Monday, December 31, 2012

Waking Up On The Wrong Side of the Bed

Whew, yup.  Okay.

Back from the break.  Did you all have an excellent Christmas and or religious or non-religious holiday celebration?  We did.  There was even some snowboarding involved.  Good times.  Hope you're all having a great New Year's Eve, or that you are gearing up for a great one.  We've got plans to stay in and entertain a friend or two.  I made ham roll ups for the occasion*.  It's all very exciting.  In any case, I wrote all this last night, so that I could spend today cleaning/ cooking.  It's long but cathartic.  And maybe worth a chuckle for you.

We look like such professionals.

*****

This morning, I woke up on the wrong side of the bed.  No, really.

The Mister and I have assigned bed sides.  You might have a similar set-up.  Since the beginning of always, when looking at the headboard from the foot of the bed, The Mister sleeps on the left, and I'm on the right.  Except the mister's shoulder has been bothering him lately, and long story short (a story which involves him snoring at my face each night if he sleeps on the un-hurty shoulder), we've switched sides the last few nights.

This has worked well for the Mister.  I'm another story.  (Another, long, story which is also very long and involves us believing that the left side of the bed just sucks altogether and maybe it's time to invest in a new bed.  King size?  Dreaming big over here.)  In any case, wrong side of the bed happened to me this morning.  And it continued to ooze it's wrong-ness all day.

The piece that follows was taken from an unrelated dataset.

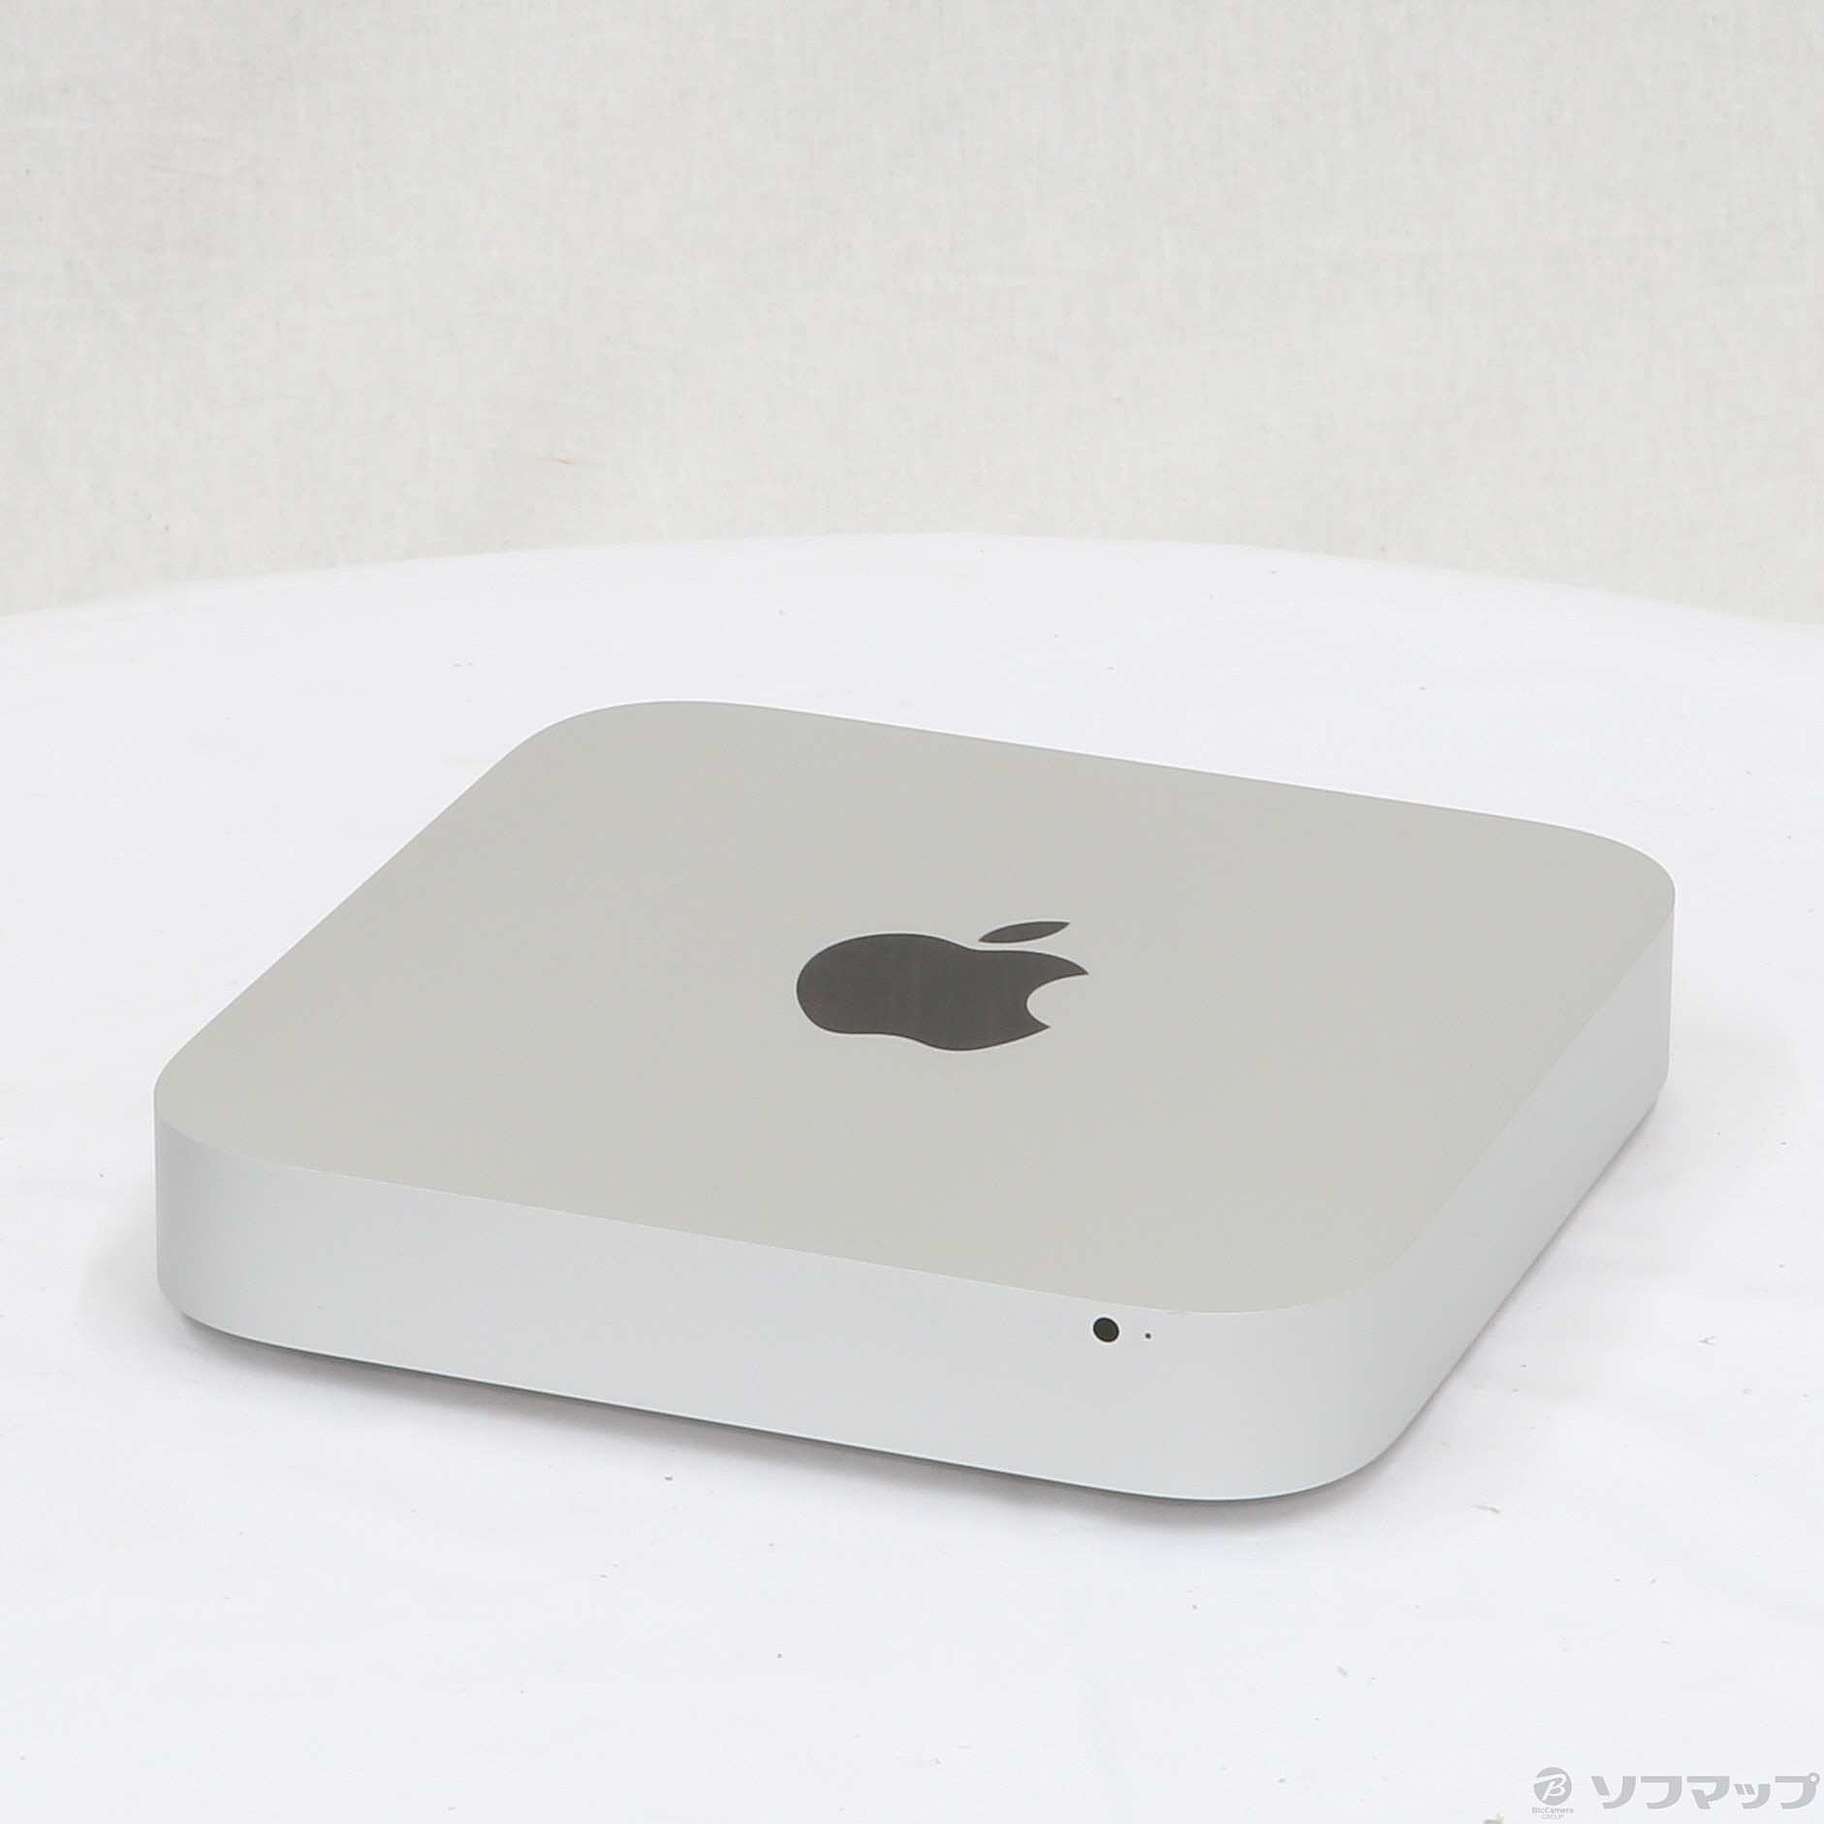 mac mini late 2012 for sale 2.3 ghz

Maybe not the fault of the bed - I'm going to go with it anyway -  but I seem to be getting into the winter blues a bit hard as of late.  This is exacerbated by the fact that, if I had to guess, the new job I mentioned in my last post (which I enthusiastically talked up with my whole family over the holidays)?  Yes well, I seem to in fact, not have that job.

I haven't talked about it a lot here, but I've been looking for a job since the start of November, and this was my first real good lead.  While I am happy (and thankful, and truly lucky) to say that the Mister's job puts us in a good place financially where I don't actually NEED to find another job money-wise, I have to add that having a job would give me some greater purpose in this world and make me feel like less of an absolutely useless, societal leech (told ya, those blues are hitting me).  Today we also took some time to sit down and work on bills and budget, and I always hate doing that, because it showcases to me just how little I contribute, and how much I consume of "our" income.  Blargh.

So I'm feelin' kinda dumpy all day, and the Mister in all his awesome, is trying like hell to cheer me up even though I don't really know how to properly explain what's gotten to me without sounding like a giant whiner, so he's taking blind stabs in the dark at things that might make me smile.  He brought me a rose home after running errands, and asked if he could take me out to dinner.

(pause for obligatory "aww" moment)

So I tried to brush my hair into something a little tamer, put on a nice sweater and cute shoes, and went about closing the doors to the rooms upstairs, as is our usual routine for "puppy-proofing" the house to leave Mac home alone while we're out.

I shut the door to the "Man-Cave,"  and promptly found myself crouched on the floor with my hands on my head shouting "Ow ow ow ow ow!"

doooooom from above.

The Mister has one of those pull-up bars that sits in a door-jam.  And it stays put really well, until you try to shut the door on it.  Then, I can tell you from experience, it comes crashing down on your head.  You know how when you hit your head, it usually takes a second or two for the pain to actually register?  Yeah no, this was fairly instantaneous and rather intense "Ouch."

I asked the Mister through teary eyes for something cold for my throbbing scalp**.  When the Mister returned and asked me to move my hands so he could put the ice pack on my surely already golf-ball sized lump, I heard him gasp: "Oh gosh, you're bleeding!"  and I promptly lost any last shred of dignity that was kind of maybe holding me together.  I started straight-up sobbing without abandon, and also kind of (aka completely) freaking out because my hands were in fact, covered in my own head-blood.  So that sucked.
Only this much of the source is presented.